START Data section

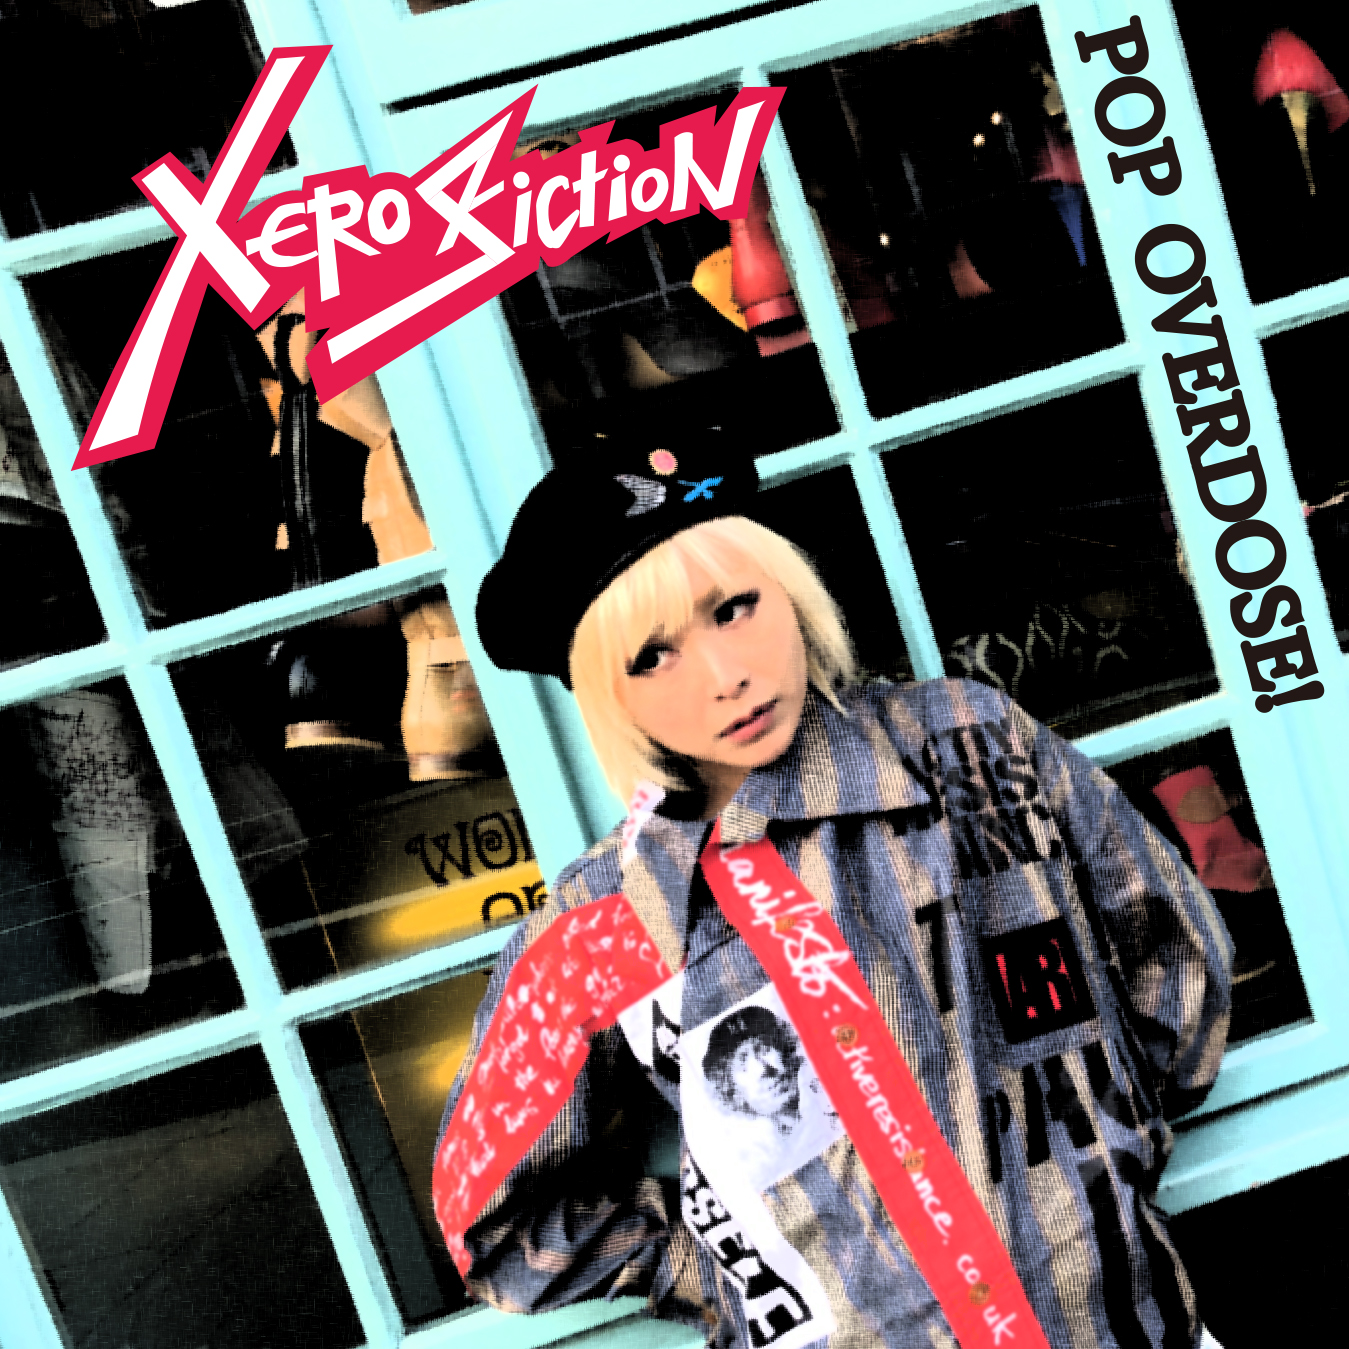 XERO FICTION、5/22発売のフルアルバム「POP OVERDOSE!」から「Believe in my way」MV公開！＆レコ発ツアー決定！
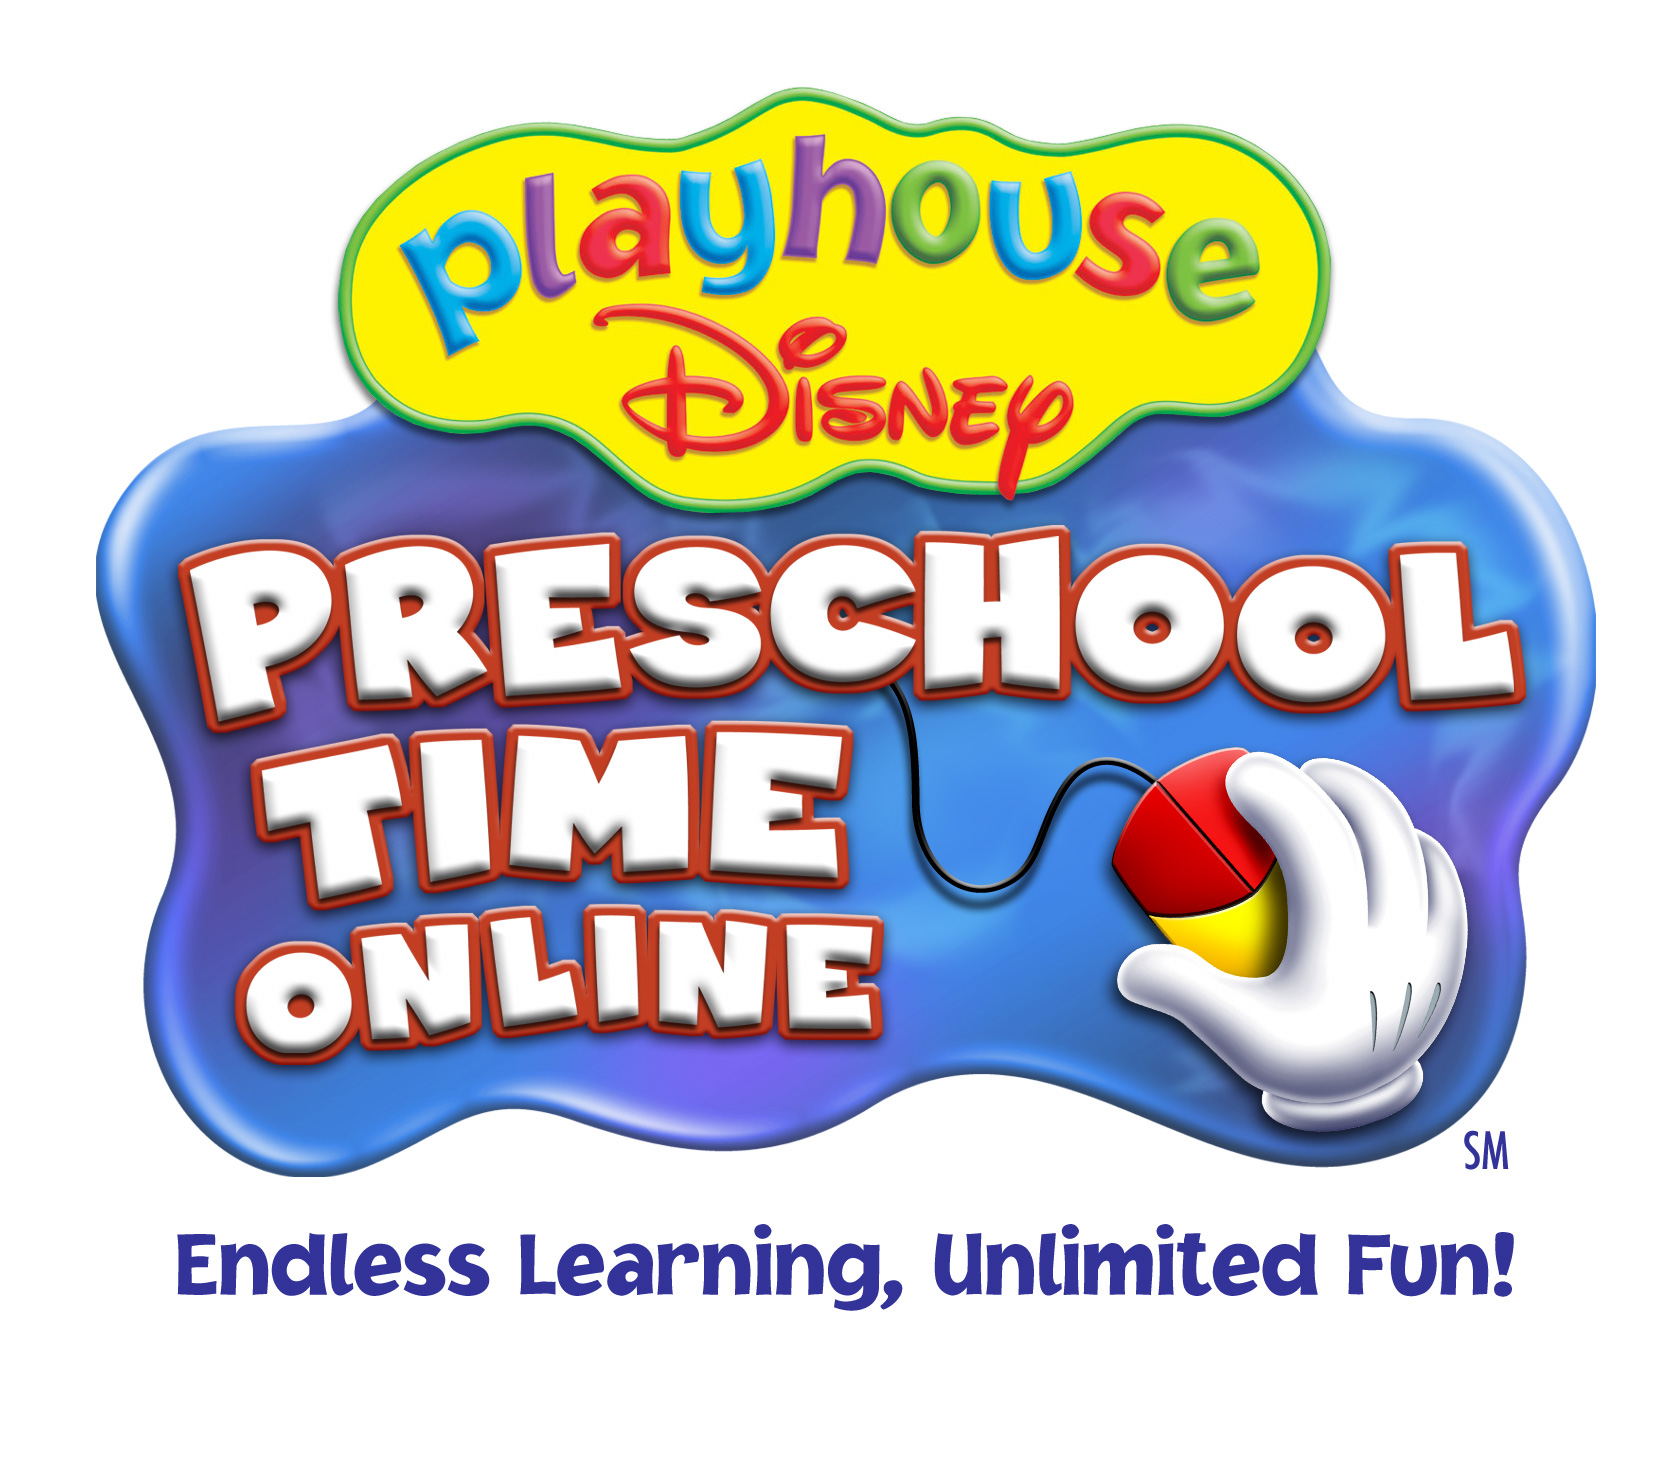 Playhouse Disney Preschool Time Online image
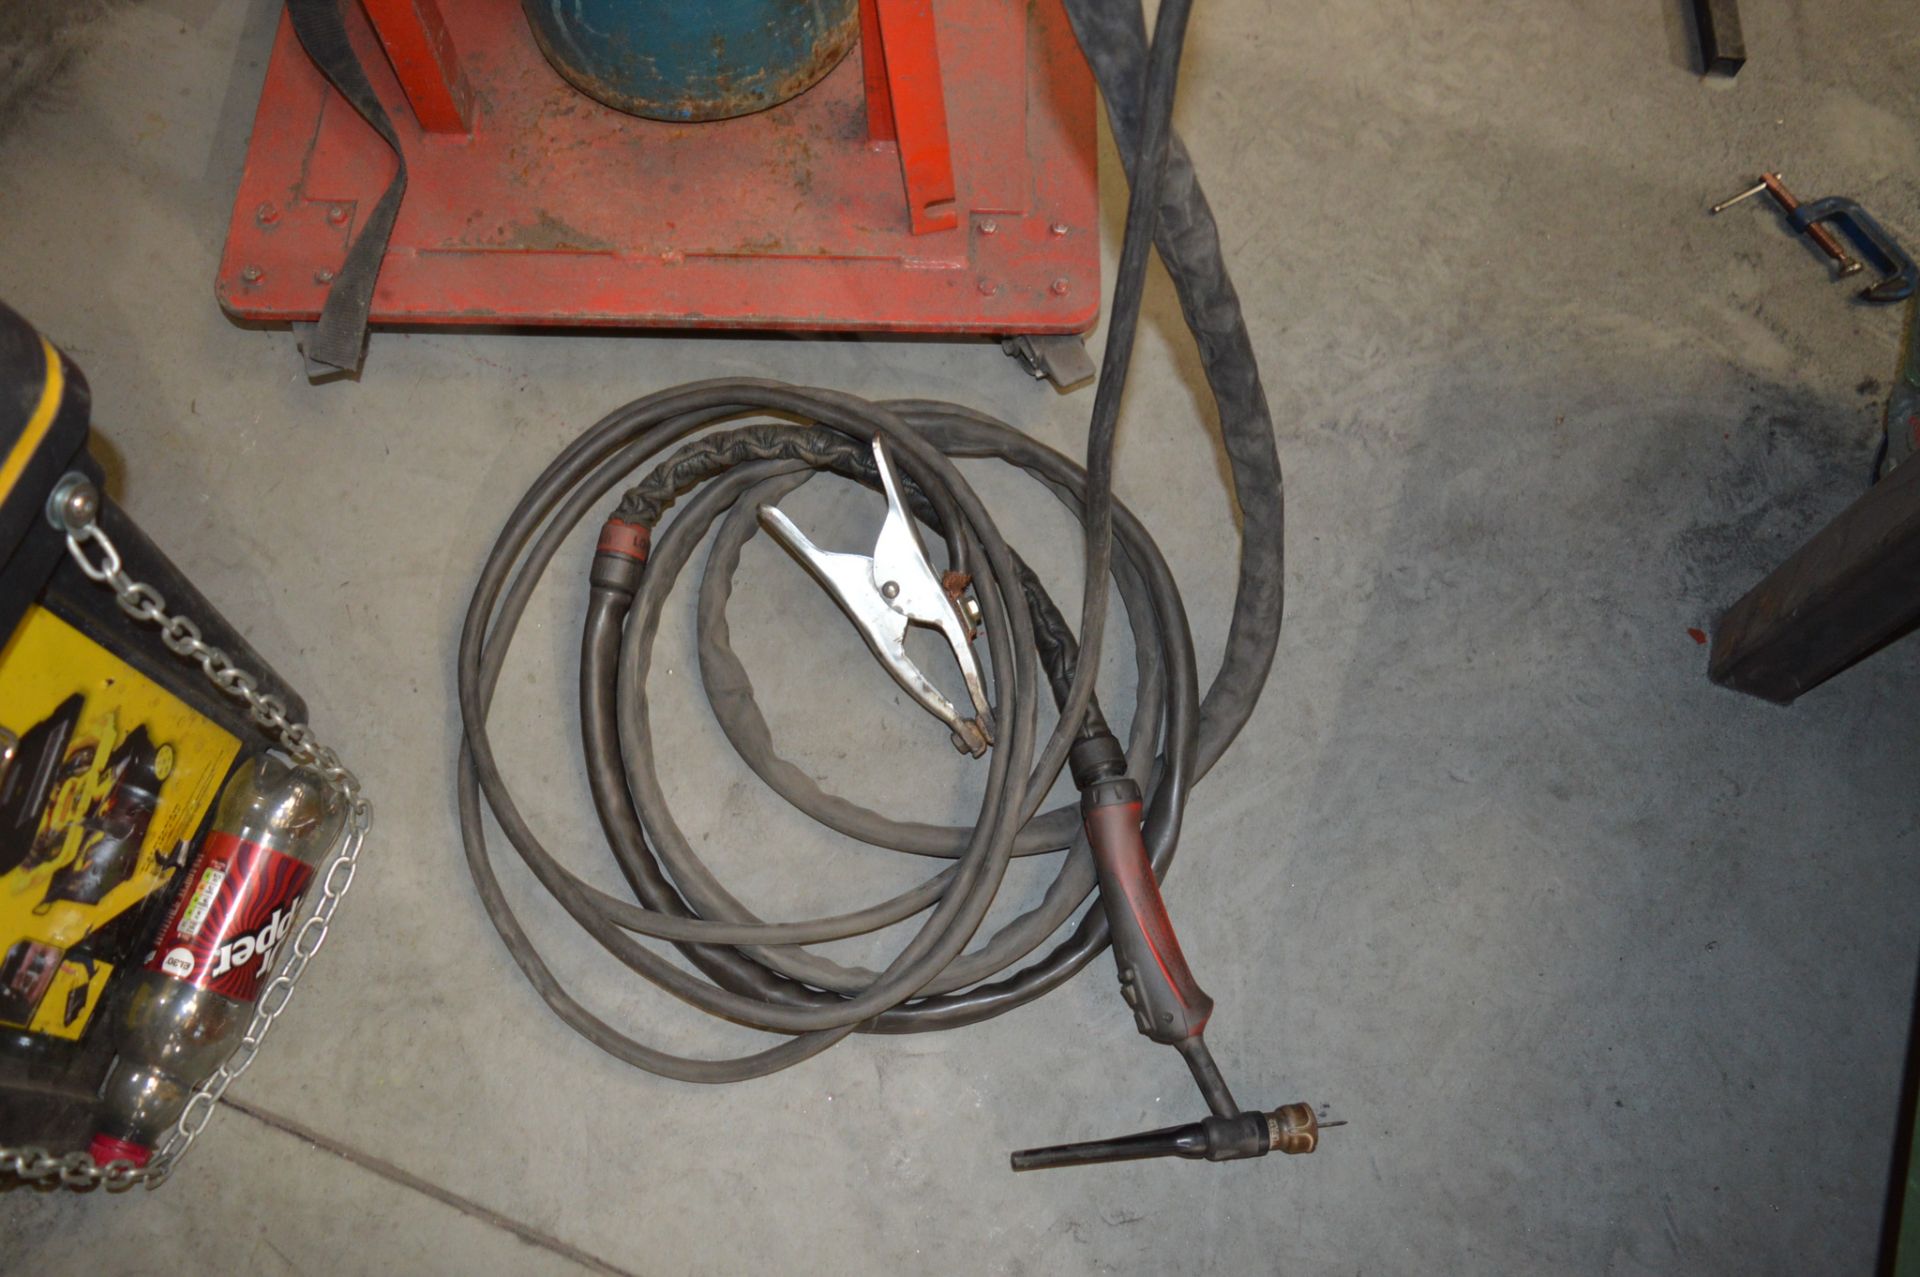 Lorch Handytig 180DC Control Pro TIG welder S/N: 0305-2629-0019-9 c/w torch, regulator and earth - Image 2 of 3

END Data section

Exercise details —
Restate the data word for word, minus any images.

Reply to the exercise —
 XERO FICTION、5/22発売のフルアルバム「POP OVERDOSE!」から「Believe in my way」MV公開！＆レコ発ツアー決定！
 Playhouse Disney Preschool Time Online image
 Lorch Handytig 180DC Control Pro TIG welder S/N: 0305-2629-0019-9 c/w torch, regulator and earth - Image 2 of 3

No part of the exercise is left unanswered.